═══ Collected material ═══

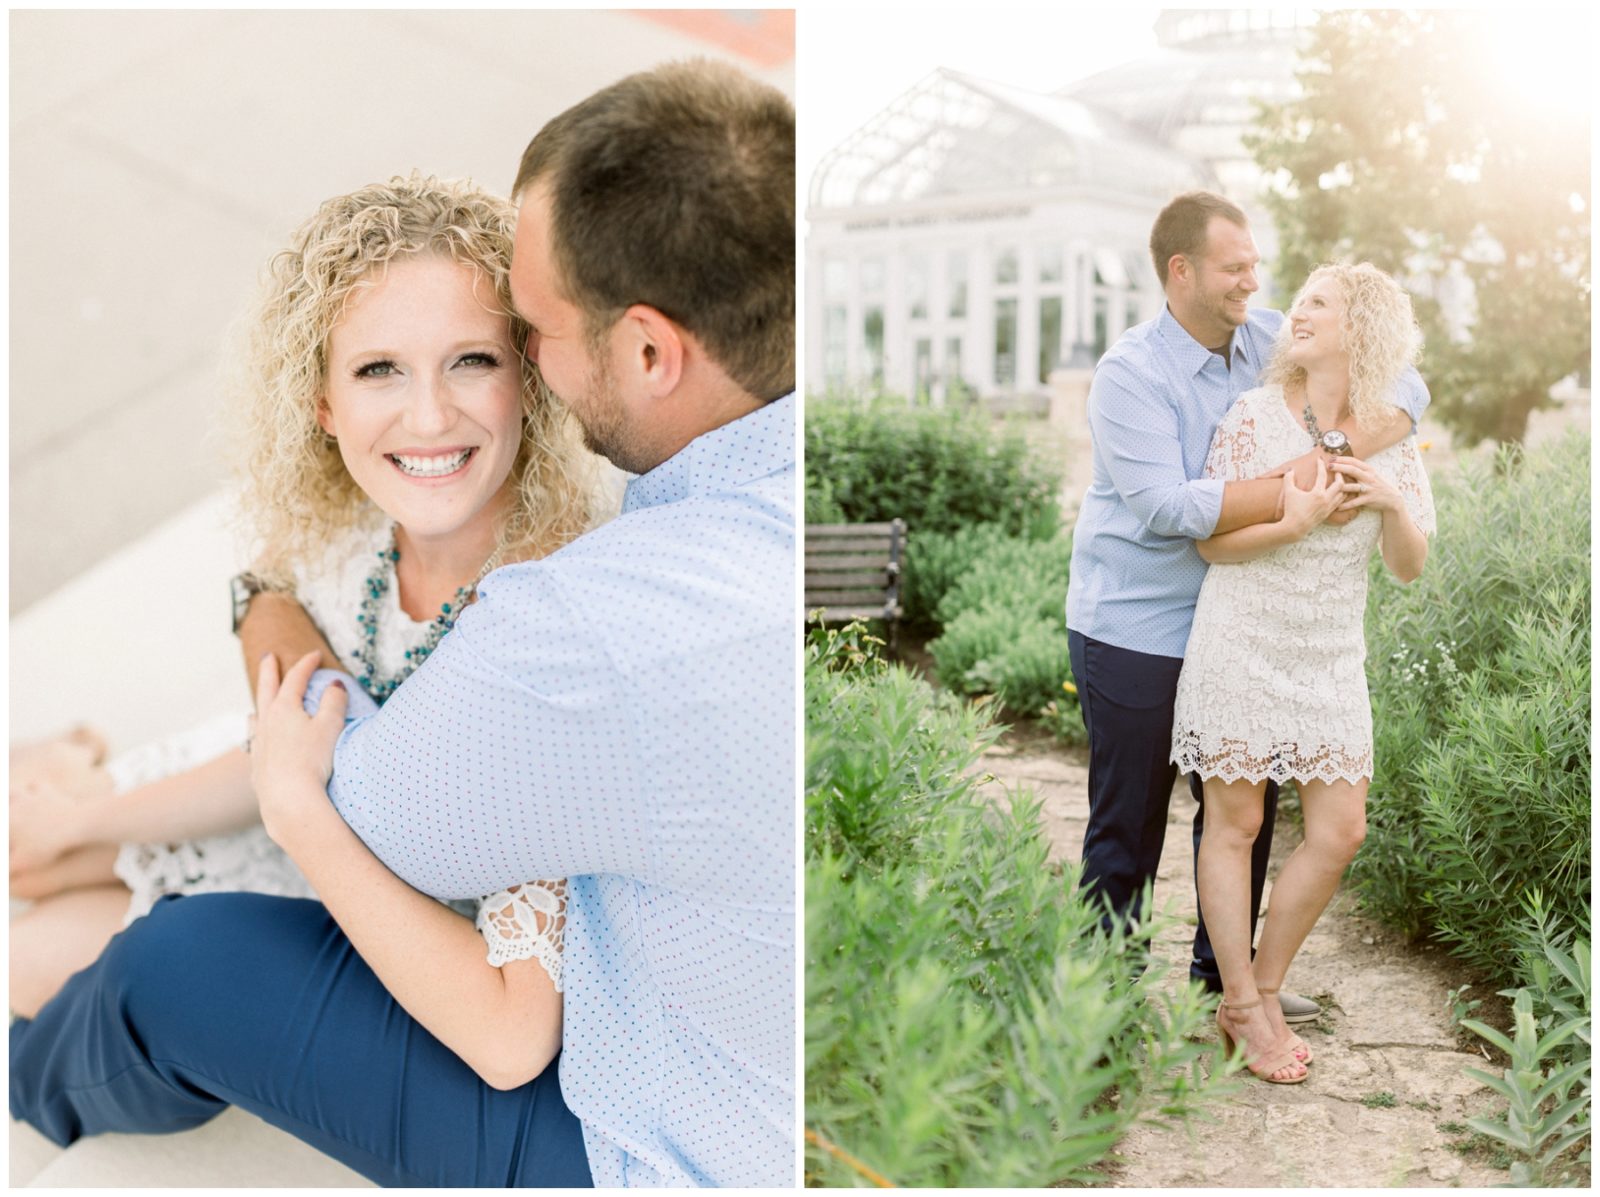 Light and airy St Paul Engagement Session at Como Conservatory
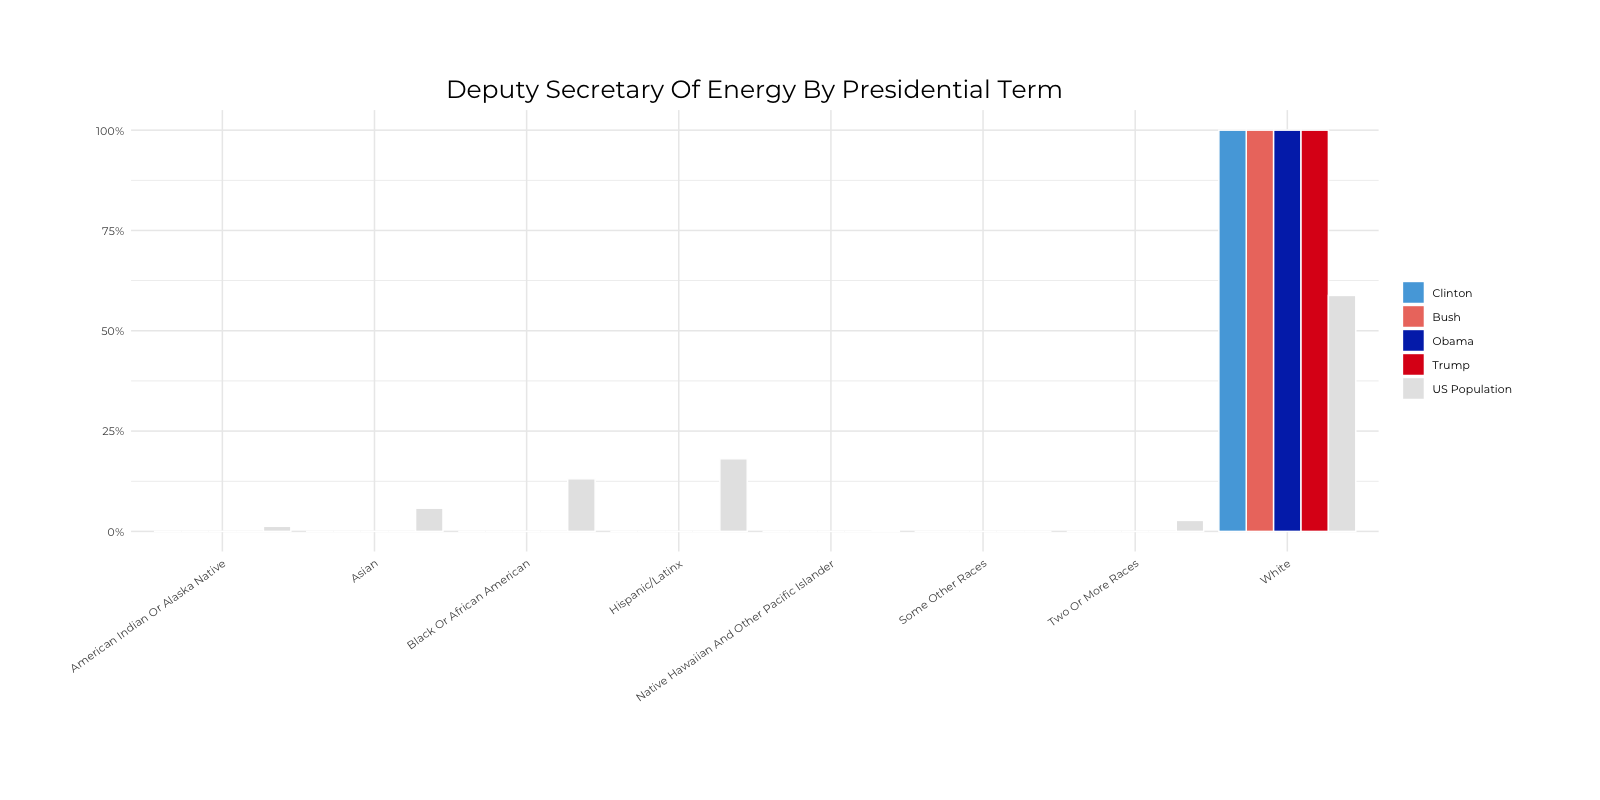 Graph about Racial Composition Comparison of Deputy Secretary of Energy by Presidential Terms. More detailed text description below.
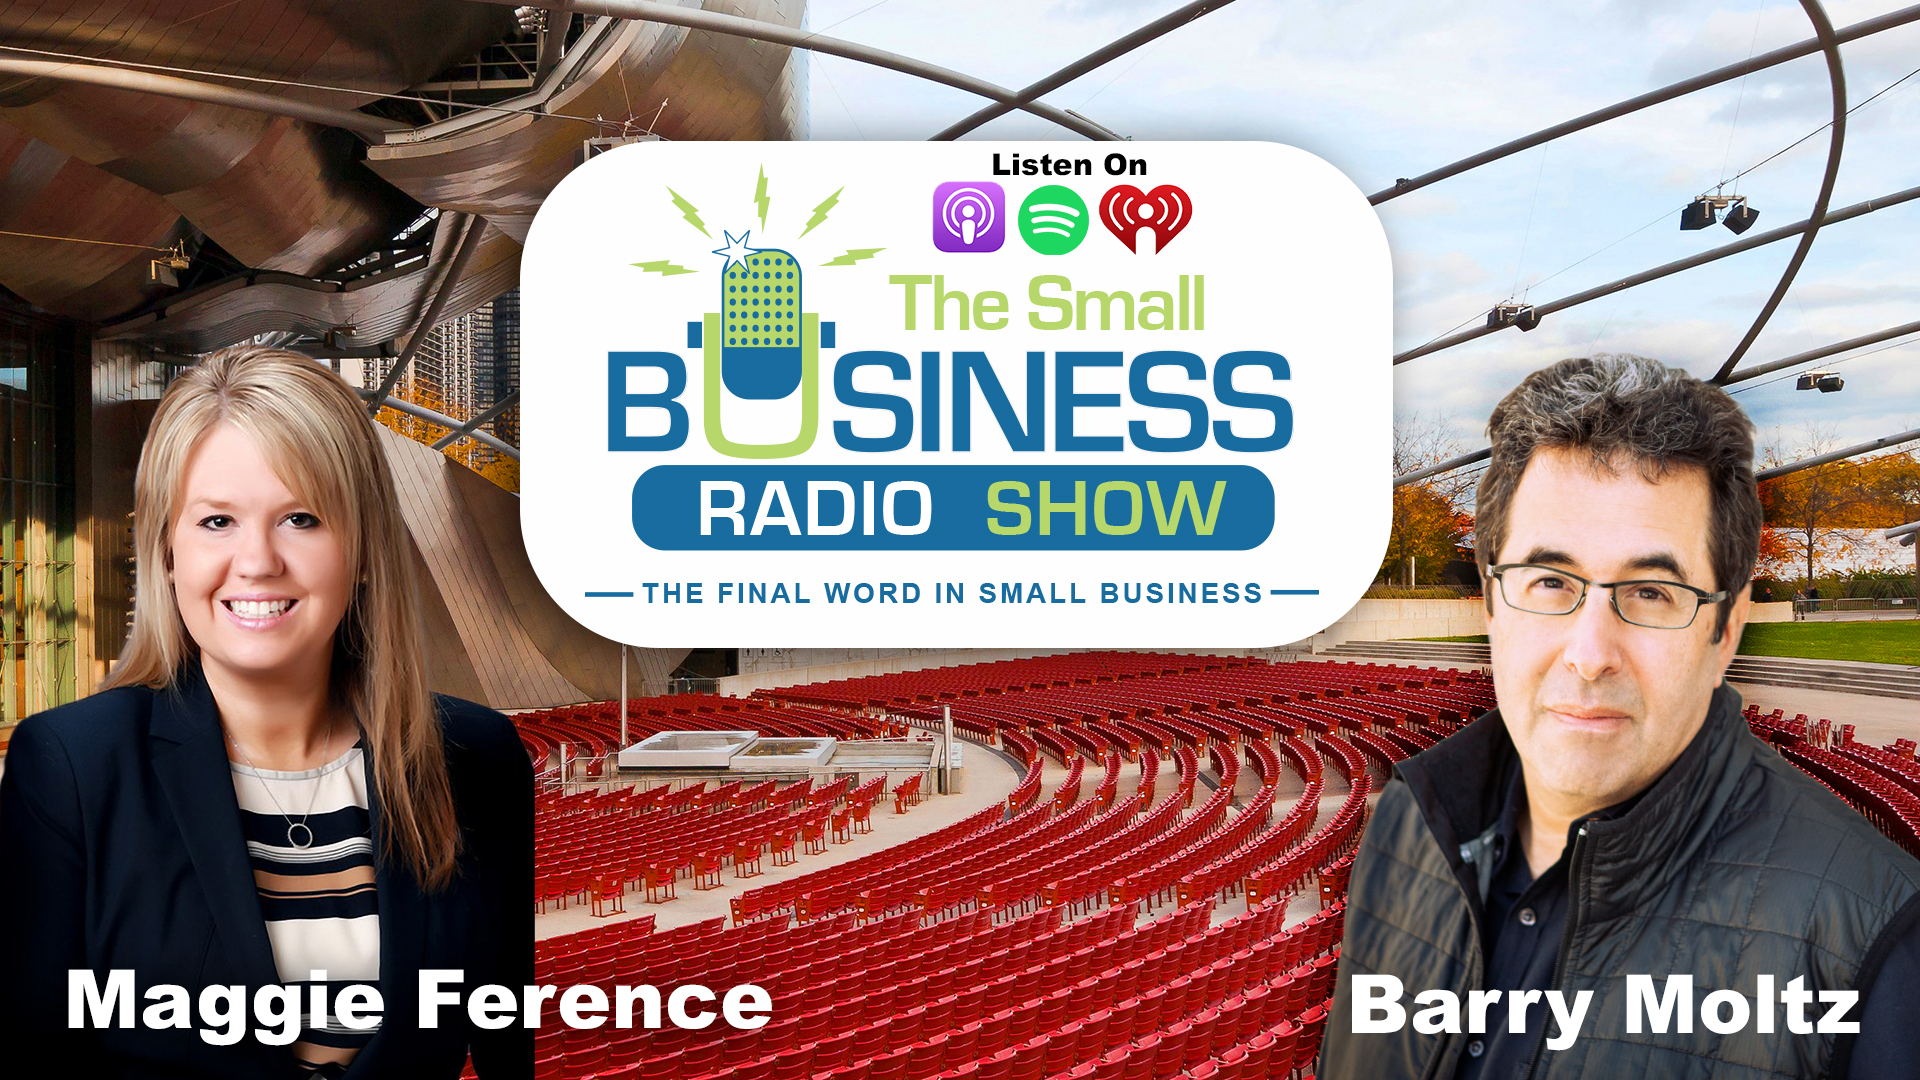 Margaret Ference on The Small Business Radio Show
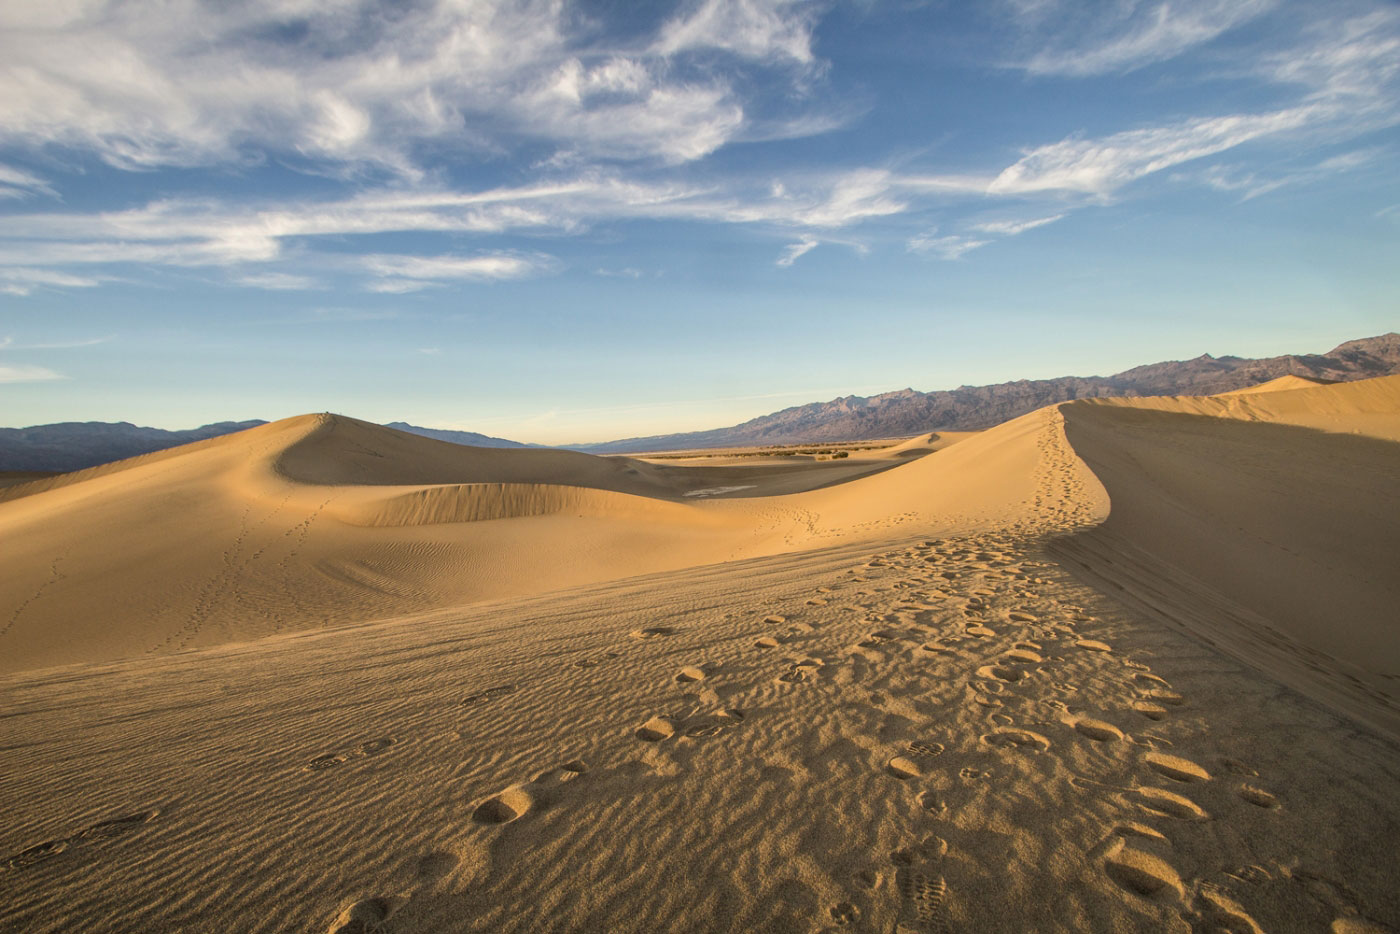 Hike Mesquite Flat Sand Dunes in Death Valley National Park, California - Stav is Lost

═══

Instructions for the task: The required output is each line above restated verbatim, with all images omitted.

Written reply:
 Light and airy St Paul Engagement Session at Como Conservatory
 Graph about Racial Composition Comparison of Deputy Secretary of Energy by Presidential Terms. More detailed text description below.
 Margaret Ference on The Small Business Radio Show
 Hike Mesquite Flat Sand Dunes in Death Valley National Park, California - Stav is Lost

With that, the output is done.